Für jedes "Ding" gibt es seine Zeit. Nichts wird erfunden, wenn es keinen Bedarf dafür gibt und das trifft besonders auf Erfindungen oder Neuerungen im Militärwesen zu. In deisem Beitrag soll es um die "Erfindung" des "Dreadnoughts" gehen. Um das britische Superschlachtschiff wird bis heute viel Wirbel gemacht und es gilt als bahnbrechende Entwicklung im Kriegsschiffbau. Aber wie mit fast allem war auch die Dreadnought keine Entwicklung irgendwo im Nirwana, sondern fand in England statt. Nun hatten andere Marinen auch große Kriegsschiffe und auch Schlachtschiffe. Damals nannte man sie noch Linienschiffe oder Großlinienschiffe.

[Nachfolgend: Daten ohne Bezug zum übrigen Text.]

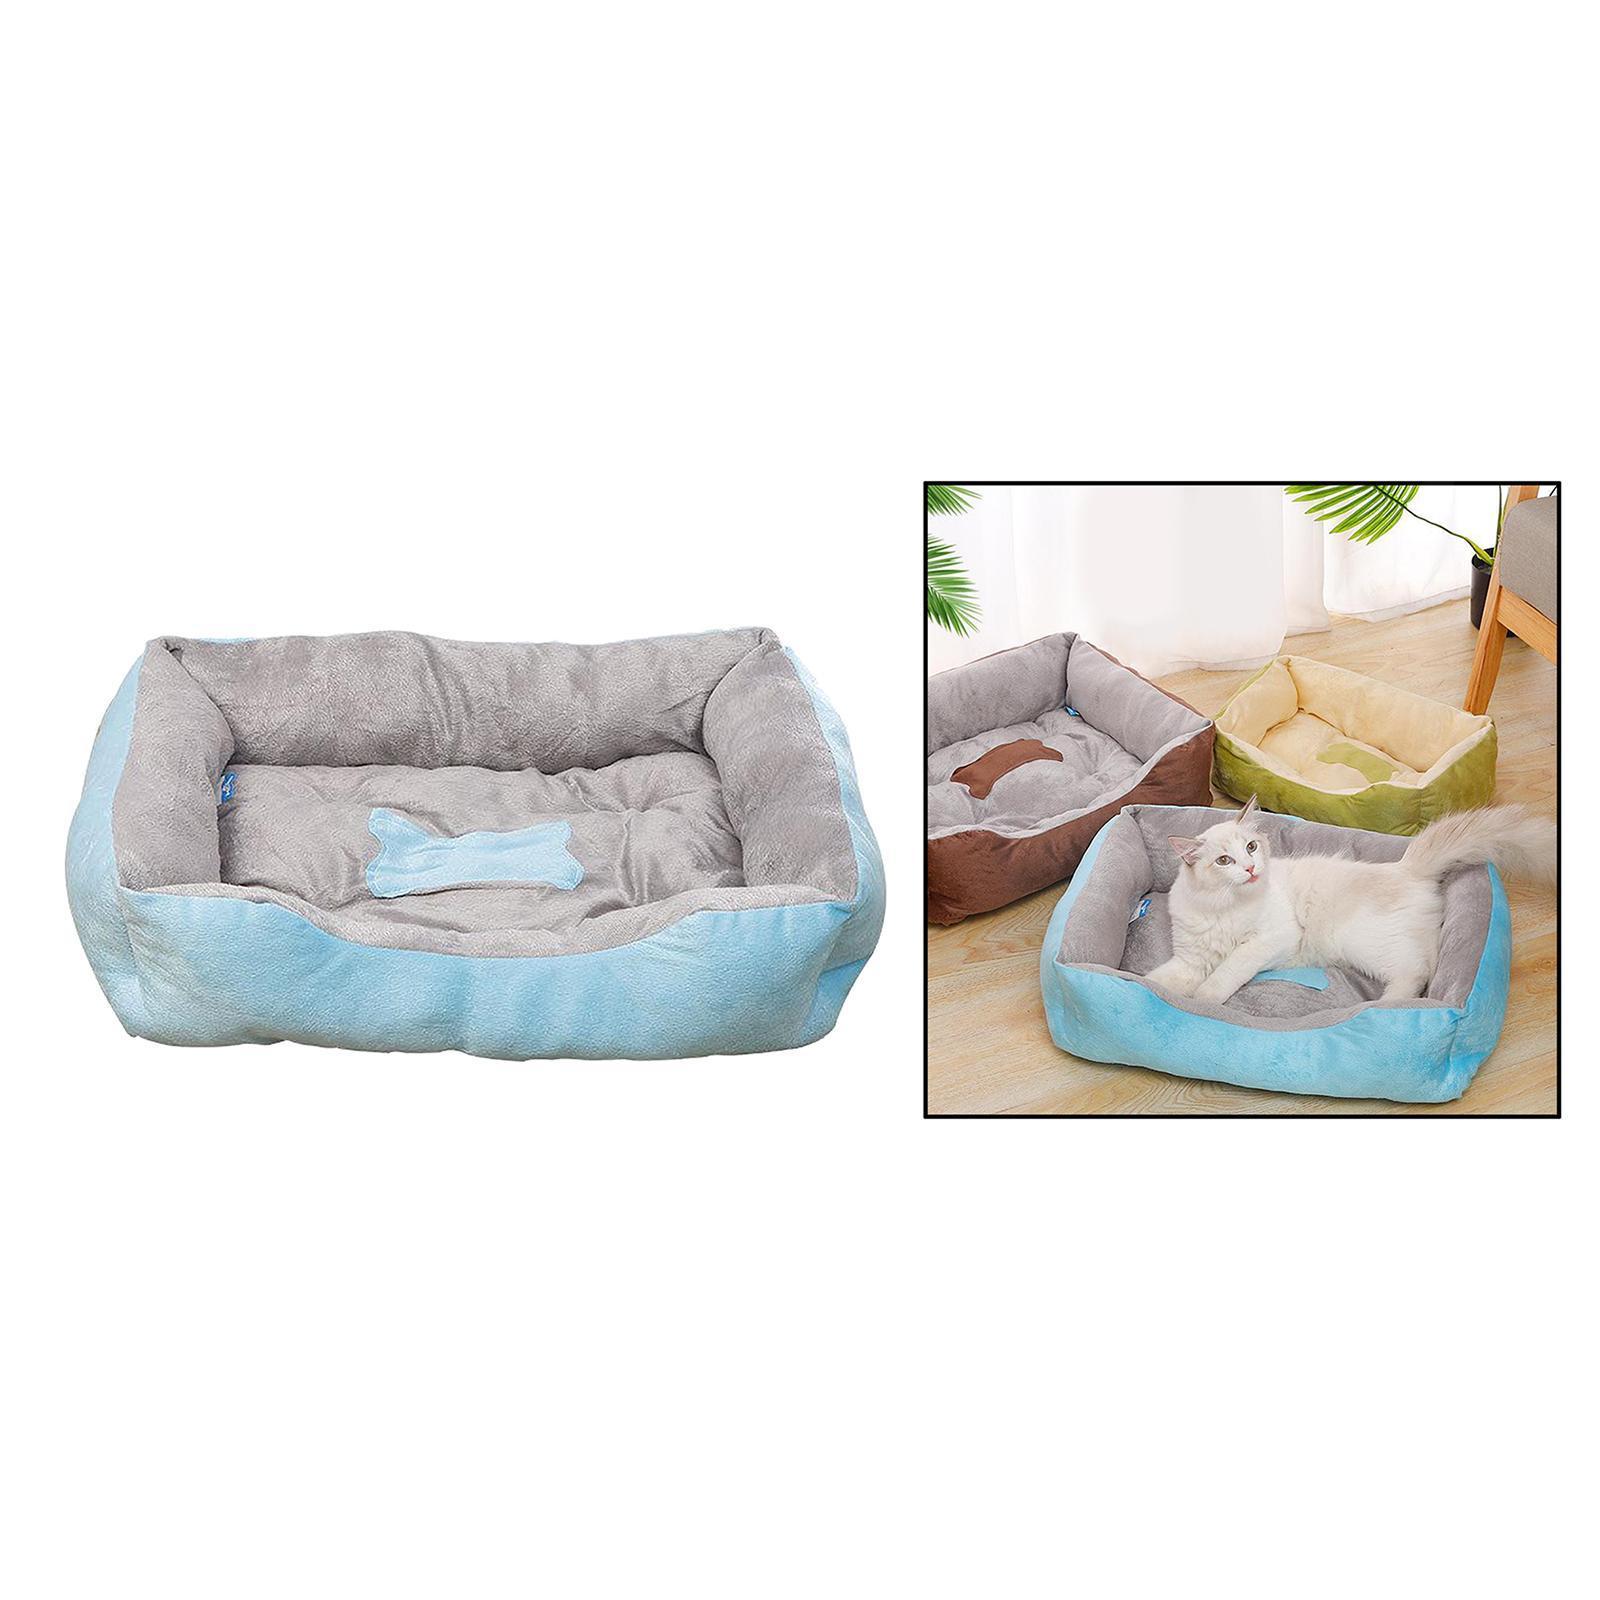 Indexbild 59 - Katze-Hund-Bett-Pet-Kissen-Betten-Haus-Schlaf-Soft-Warmen-Zwinger-Decke-Nest

Diese Schiffe unterschieden sich natürlich deutlich von den Linienschiffe der Holzschiffära im 18./19. Jahrhundert. Sie waren fast durchweg aus Eisen und Stahl, hatten Dampfmaschinen und riesige Geschützkaliber! Aber eines hatte sich nicht verändert, ihre Kampfweise. Der Begriff Linienschiffe deutet schon darauf hin. Sieht man sich die Aufstellung der Waffen an, weiß man auch warum sie in Linie nebeneinander fuhren und sich gegenseitig die Brocken an den Kopf bzw. auf das Schiff schossen.
Zwar verfügten die Schiffe gegen Ende des 19. und zu Beginn des 20. Jahrhunderts schon über Drehtürme aber daneben auch noch über jede Menge Mittel- und leichte Artillerie, welche eben an den Seiten aufgestellt war. Die leichten Kanonen bis etwa 8,8 cm dienten der Torpedoabwehr und wurden später im Verlaufe des 1. Weltkrieges durch Luftabwehrgeschütze gleichen oder ähnlichen Kalibers ersetzt bzw teilweise ausgetauscht. Die ebenfalls zur Torpedoabwehr bestimmten Torpedonetze hingegen verschwanden ganz. Ihre Handhabung war zu umständlich und sie behinderten die Schiffe beim Manövrieren.
Manch einer fragt sich nun, wozu man angesichts der Hauptbatterien von 240, 280 und 305 mm noch die Mittelartillerie brauchte, zumal der interessierte Leser weiß, dass die Panzerung teilweise schon 30 cm betrug. Da kam ein Geschütz mit 15 cm oder auch mehr bis 24 cm, nicht durch. Dem wäre nun auch so, hätte man das ganze Schiff 30cm stark panzern gekonnt. Aber das ging eben nicht. So blieben also viele Stellen beim gegnerischen Schiff entweder weniger stark gepanzert oder sogar garnicht gepanzert und diese Stellen waren für die Mittelartillerie. Das gegnerische Schiff sollte also sozusagen erst "sturmreif" geschossen werden. Dieser schwach gepanzerten Stellen hatten für die schwere Artillerie auch ihre Tücken; Die schweren Geschosse flogen ganz einfach hindurch ohne zu explodieren.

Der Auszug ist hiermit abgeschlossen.